2 integrals using Euler substitution

Question

$$\int \frac{1}{(1+x)\sqrt{x^{2}+x+1}}dx$$

I tried with the Euler substitution.I wrote that $\sqrt{x^{2}+x+1}=x+t$ and I got $x=\frac{t^{2}-1}{1-2t}$.I replaced this x in the initial integral and also I replaced dx with x' but I get an ugly result.

The same I get for $$\int \frac{1}{1+\sqrt{x^{2}+2x+2}}dx$$

For the second integral I get $x=\frac{t^{2}-2}{2-2t}$ but when I replace x in the integral I get some ugly result.

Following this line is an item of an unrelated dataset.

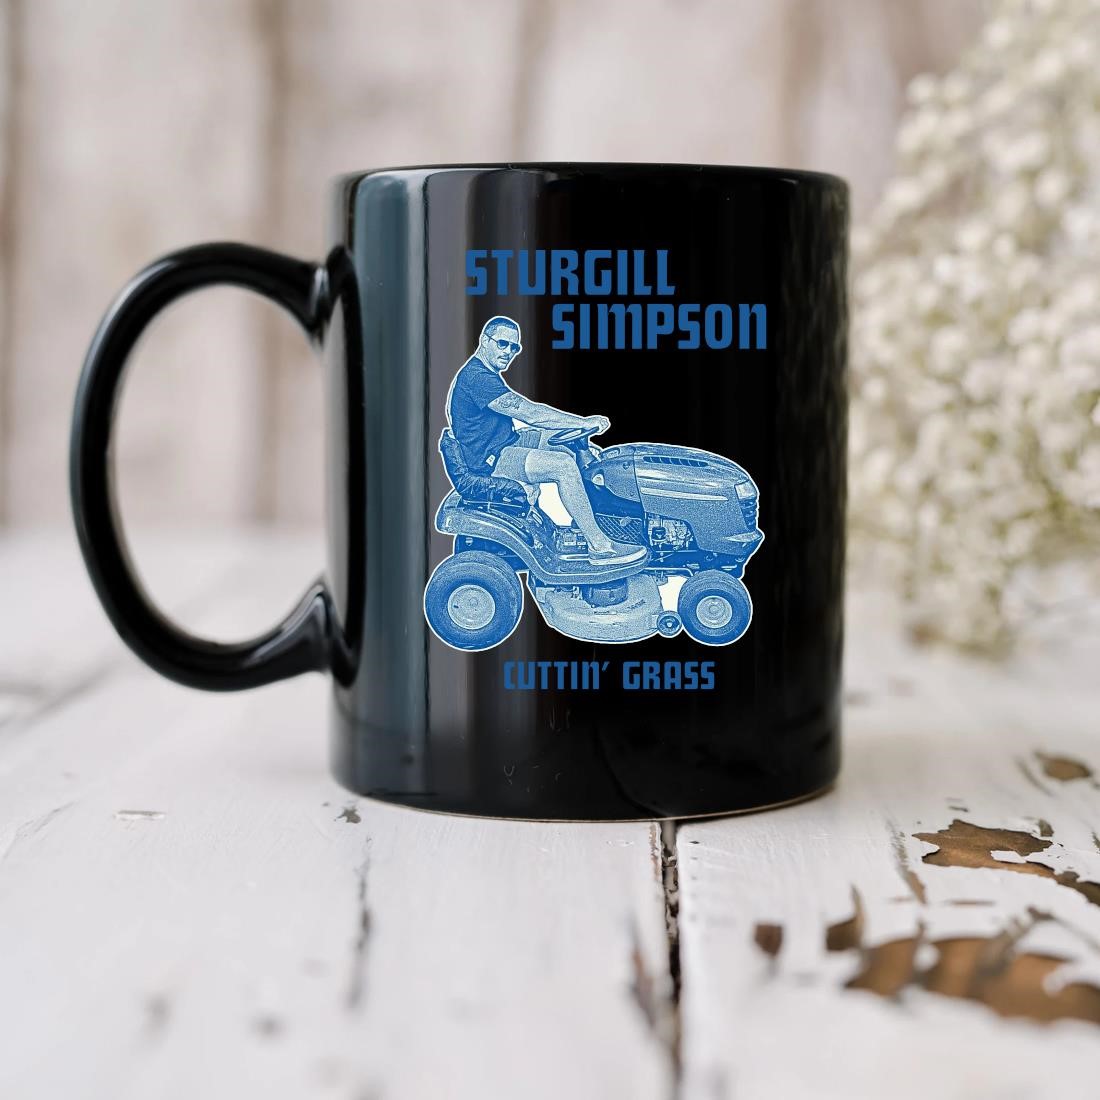 Original Sturgill Simpson Cuttin Grass Tie Dye Mug biu.jpg

How to approach these integrals?

Answer 1

Using Euler substitution as you did, I suppose that you did not simplify enougth since $$ \frac{dx}{(1+x)\sqrt{x^{2}+x+1}}=-2\frac{ \text{sgn}(1-2 t)}{(t-2) t}\,dt$$

Answer 2

A simpler method for $I_1$ is to take $$x+1=1/t \implies dx= -t^{-2}dt \implies I_1= \int \frac{-dt}{\sqrt{t^2-t+1}}=\sinh ^{-1} \frac{3t-1}{\sqrt{3}}= \sinh^{-1} \frac{2-x}{\sqrt{3}(x+1)}+C$$

Answer 3

For the first integral make the substitutions $$x+\frac{1}{2}=\frac{\sqrt 3}{2}\tan t$$and then $$u=\tan \ (\frac {t}{2})$$. For the second integral make the substitution $x+1=\tan t$